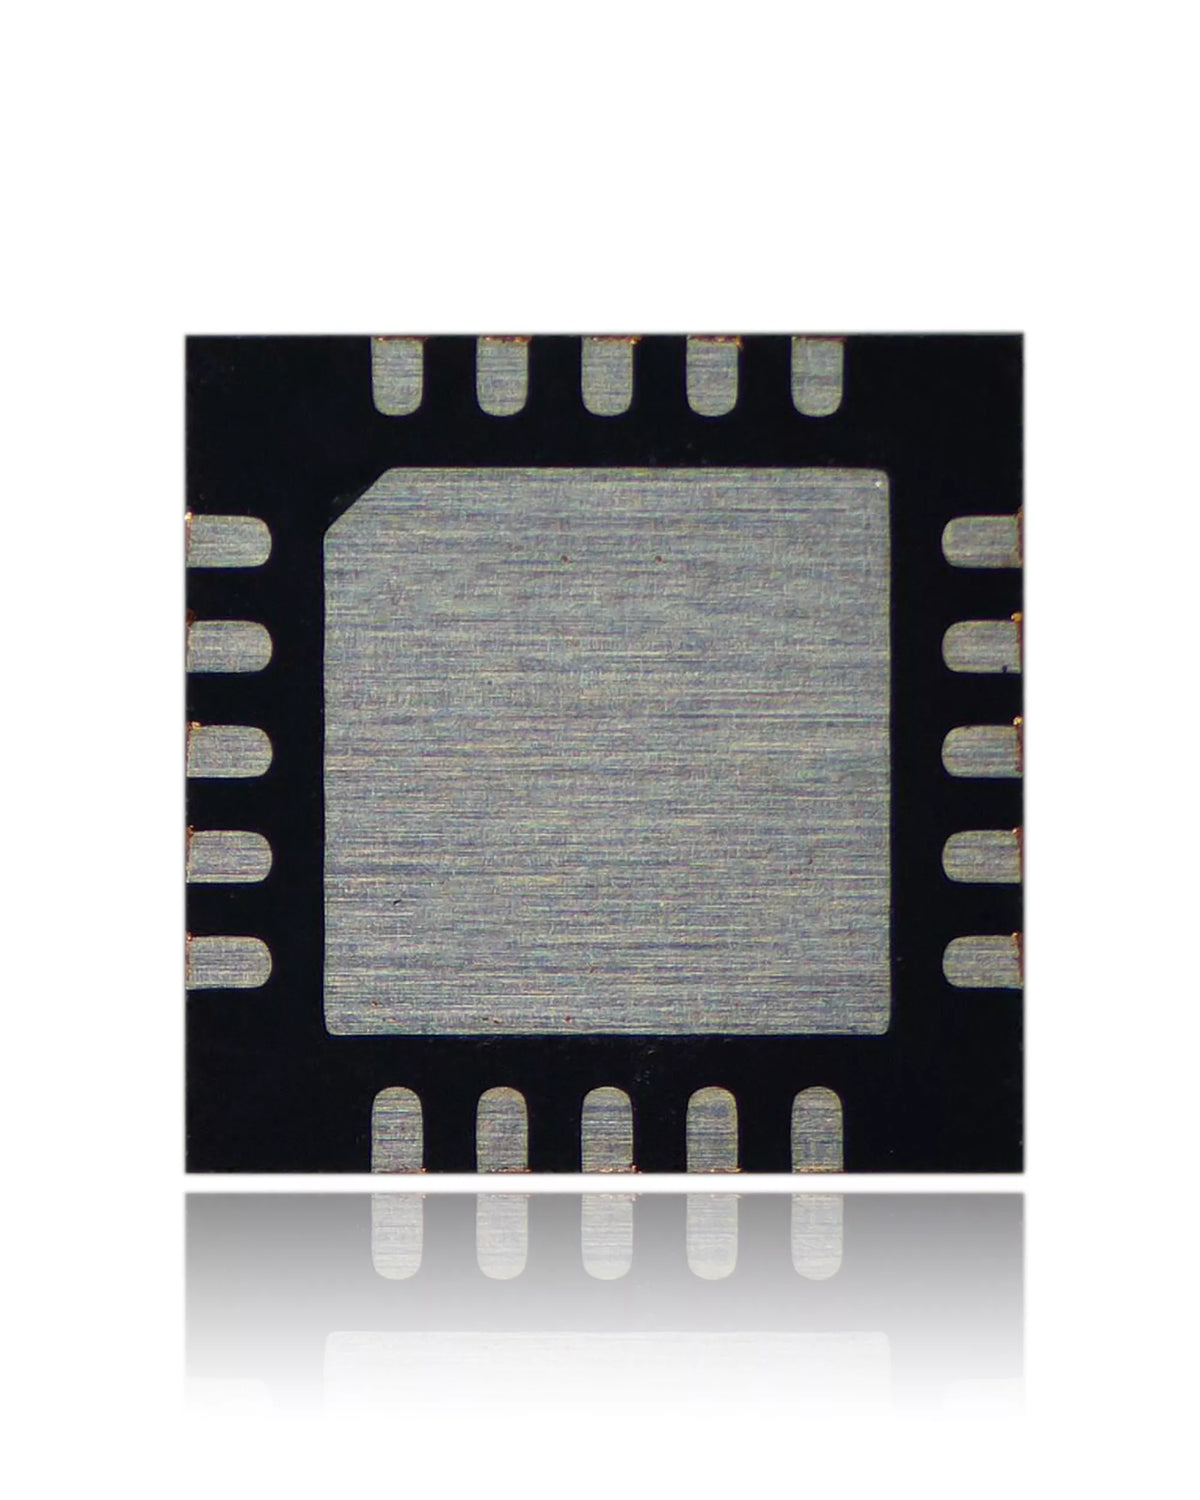 Power IC Chip Compatible For Notebooks / MacBooks (CD3210A0: QFN-20Pin)
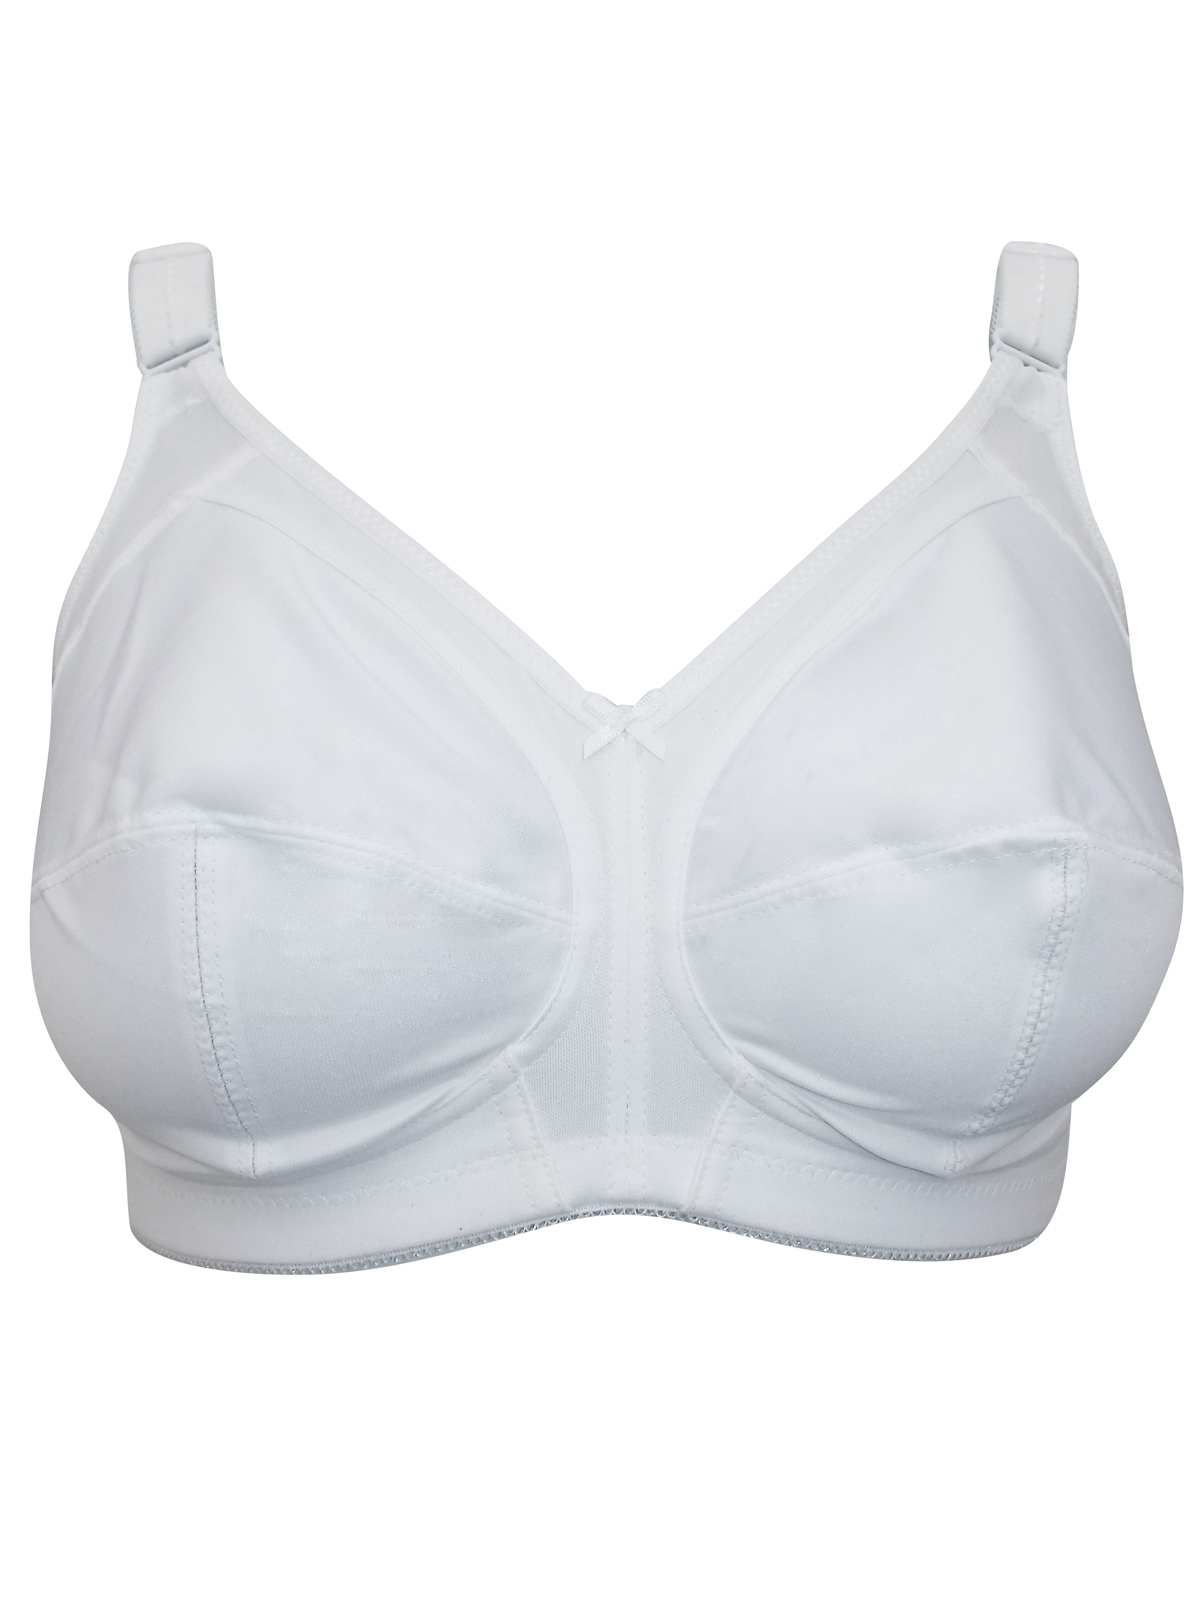 WHITE Total Support Full Cup Bra - Size 34 to 38 (C-D)
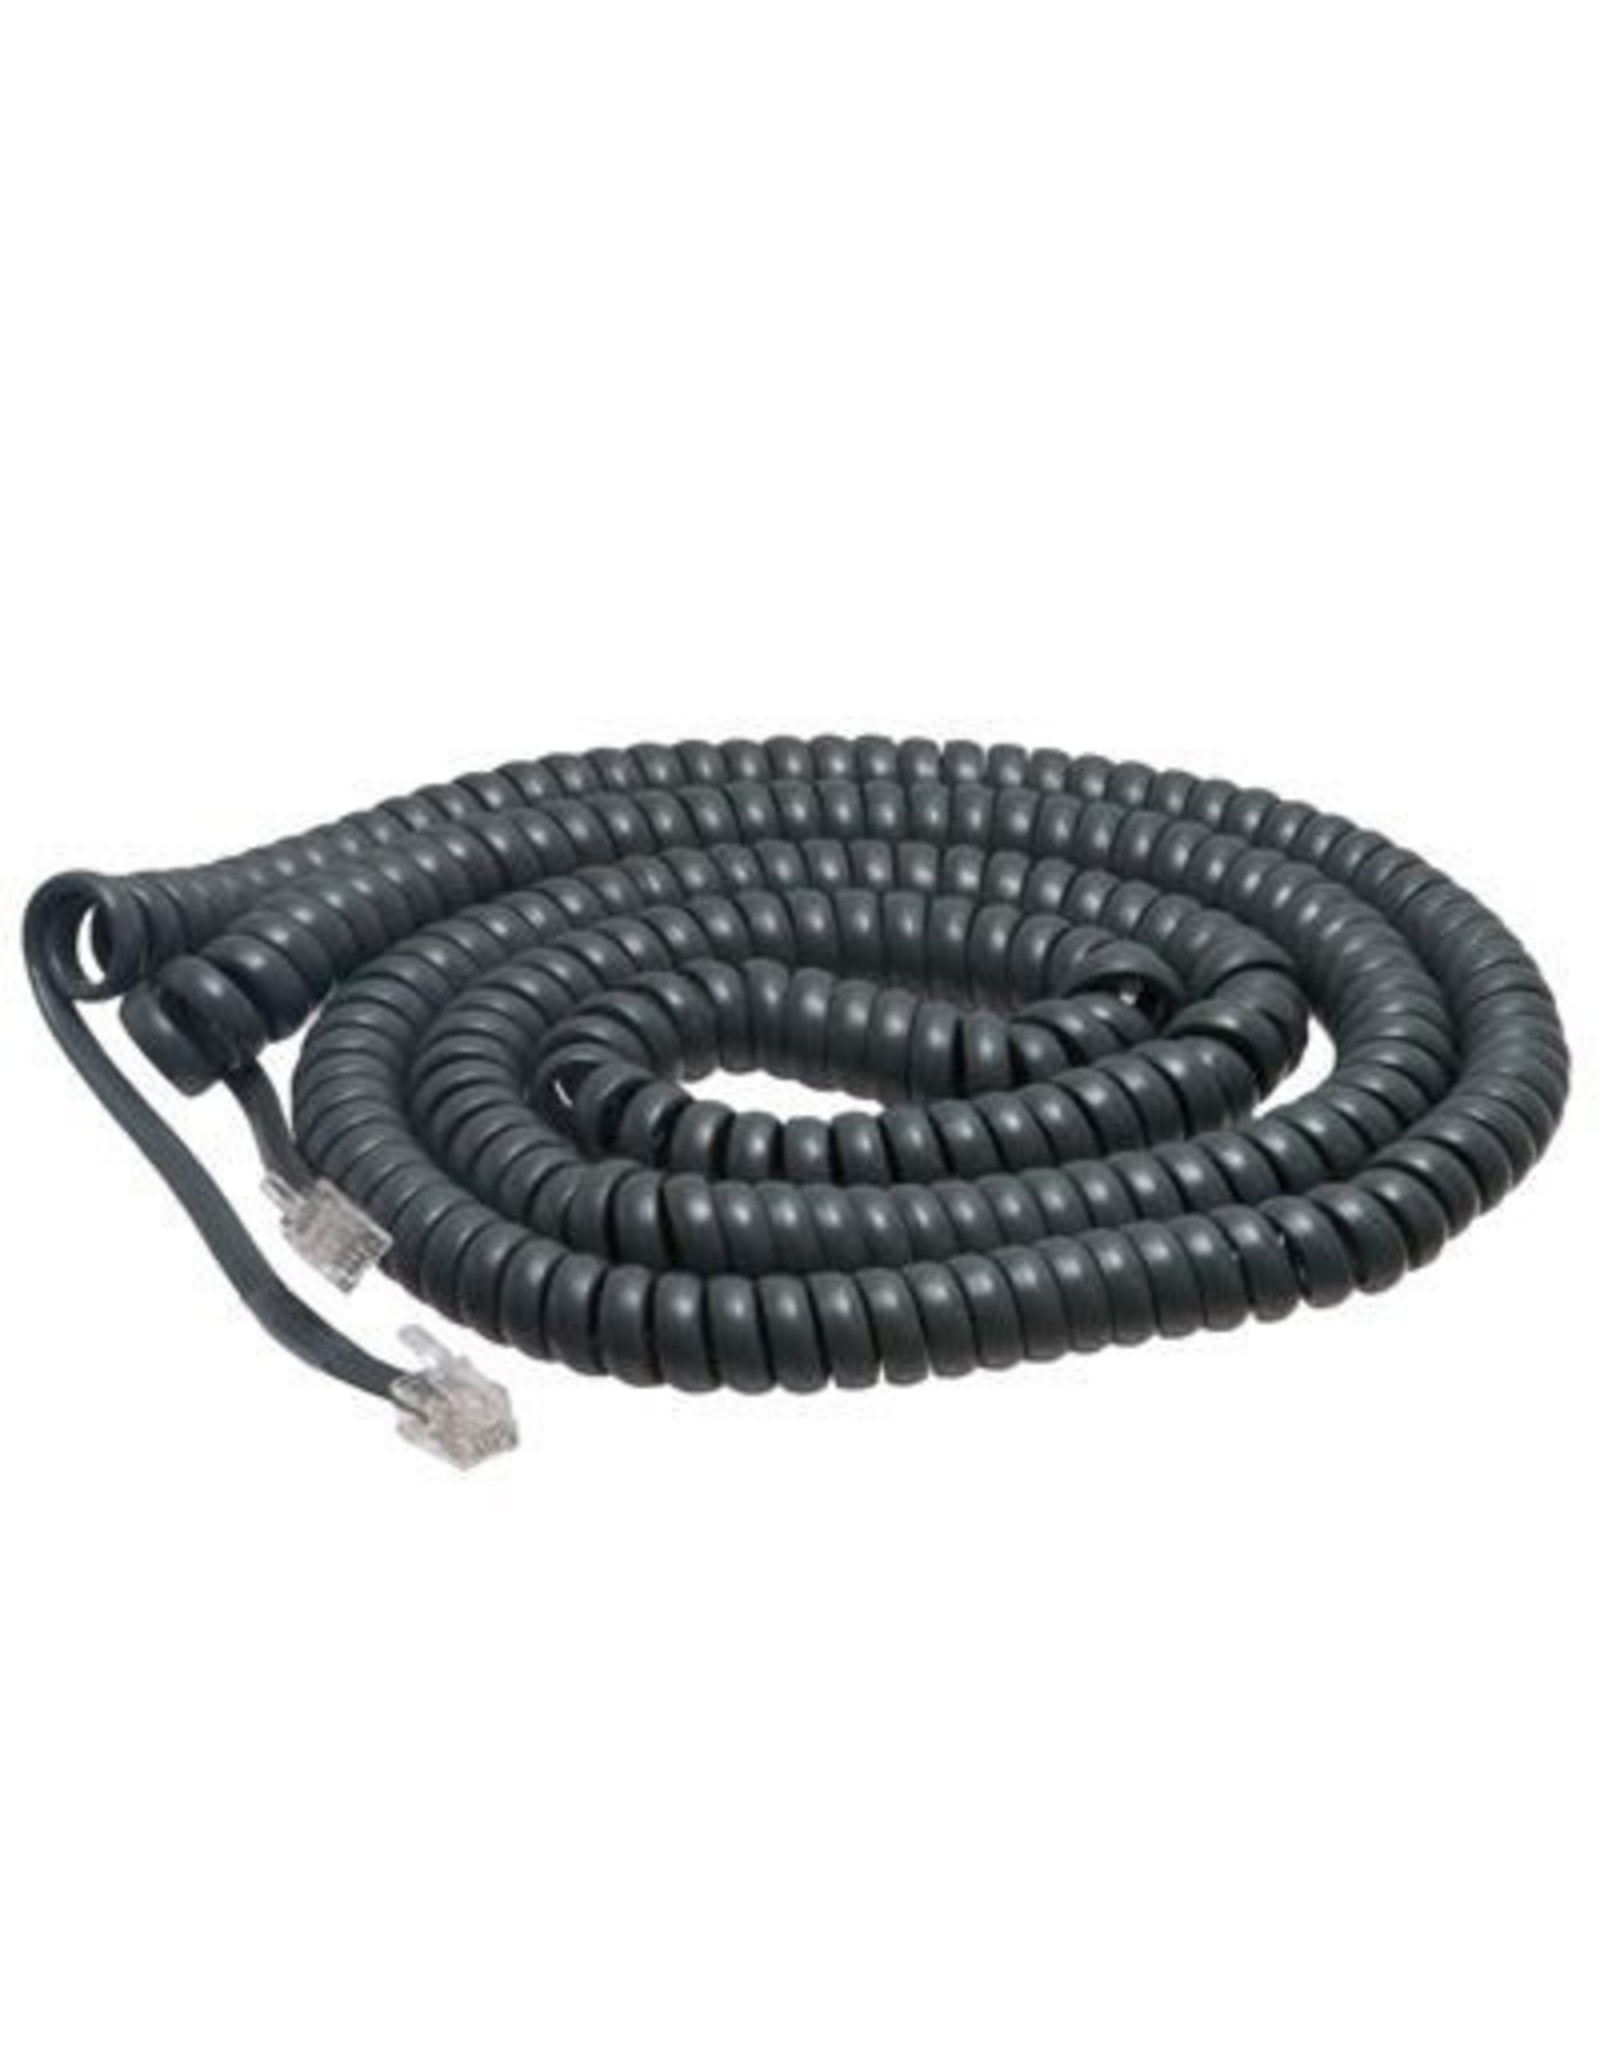 Cisco Inst. Cisco Handset Replacement Cable 25 ft

-- -- --

→ **REQUIRED WORK**
Leaving the pictures aside, copy exactly and only the lines from the one holding "WHITE Total Support" through the final line of the data, both ends kept.

→ **RESPONSE TO THIS EXERCISE**
 WHITE Total Support Full Cup Bra - Size 34 to 38 (C-D)
 Cisco Inst. Cisco Handset Replacement Cable 25 ft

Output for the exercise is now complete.